The scientists, who include experts on dementia and brain diseases such as Creutzfeldt-Jakob Disease (CJD), are new to the public debate over beef and brain disease.
The warnings come in the first publication of the report that last month prompted the British government to admit to possible links between beef and CJD, and in two letters to the respected Lancet medical journal.
Dr Robert Will and colleagues at the National Creutzfeldt-Jakob Disease Surveillance Unit in Edinburgh described the 10 cases they found that seemed different from other CJD cases, in part because the victims were much younger than the average age of 63 at which CJD usually strikes.
After seeing a preview of their findings last month, the government reversed its assertion that there was no evidence people could get CJD from eating cows infected with bovine spongiform encephalopathy (BSE) or mad cow disease.
"If there is a causal link then, given the potentially long and widespread exposure to the BSE agent, further new cases of this new variant of CJD are likely to arise," Will's group said in the Lancet report.
They said people were probably most strongly exposed in the 1980s, before the government introduced controls on the use of meat and organs from cattle.
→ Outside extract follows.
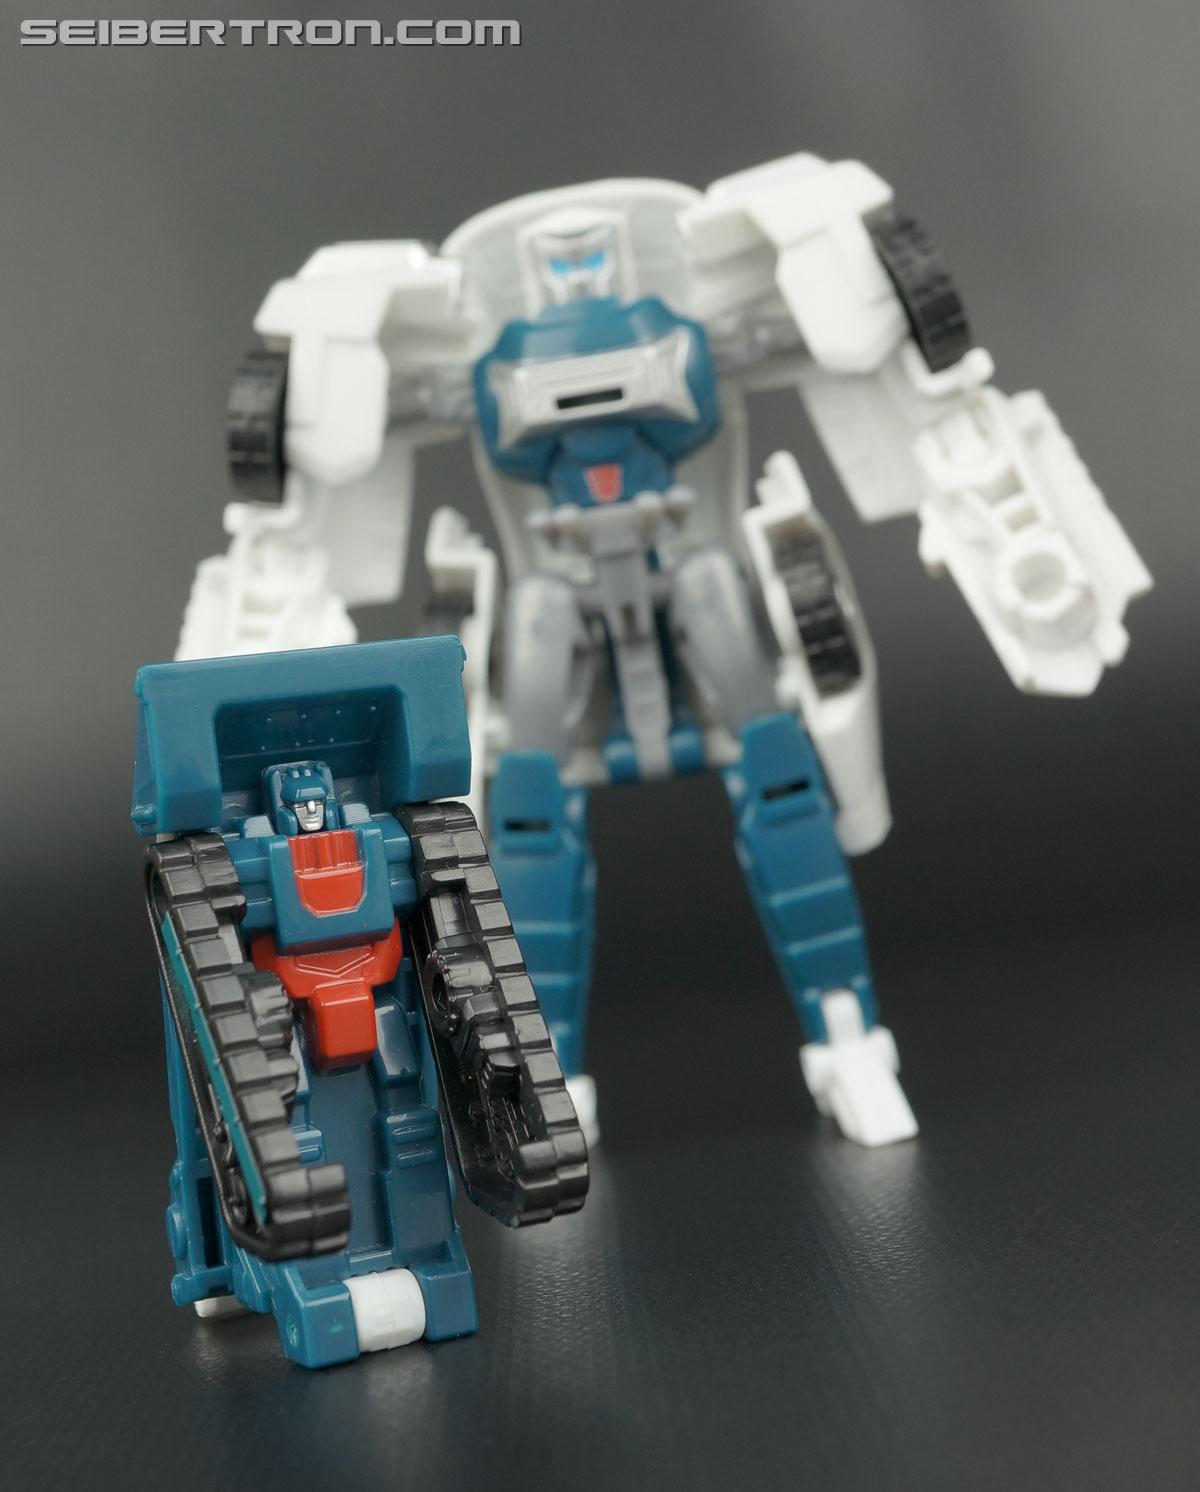 Transformers Legends Groundshaker (Image #66 of 66)

BSE broke out in British cattle herds in 1986, rising to epidemic proportions before the government introduced controls. These included a ban on feeding remains of sheep to cattle.
Sheep can develop scrapie, a similar brain disease, and because cows got BSE from eating infected sheep, scientists fear the disease can also jump the species barrier to humans.
Other controls include a ban on the use of organs and tissue that could carry the BSE infectious agent, including the brain, spinal cord and parts of the intestine. But these parts were widely used in sausage and other ground beef products for years.
Gerald Collee of the University of Edinburgh said this meant many people could have been exposed to BSE.
"At some time in the mid 1980s or the early 1990s, before successive control measures in the U.K. became effective, many foods contained bovine brain and other offal," he wrote in a letter to the Lancet.
Two London experts on prion diseases and dementia agreed.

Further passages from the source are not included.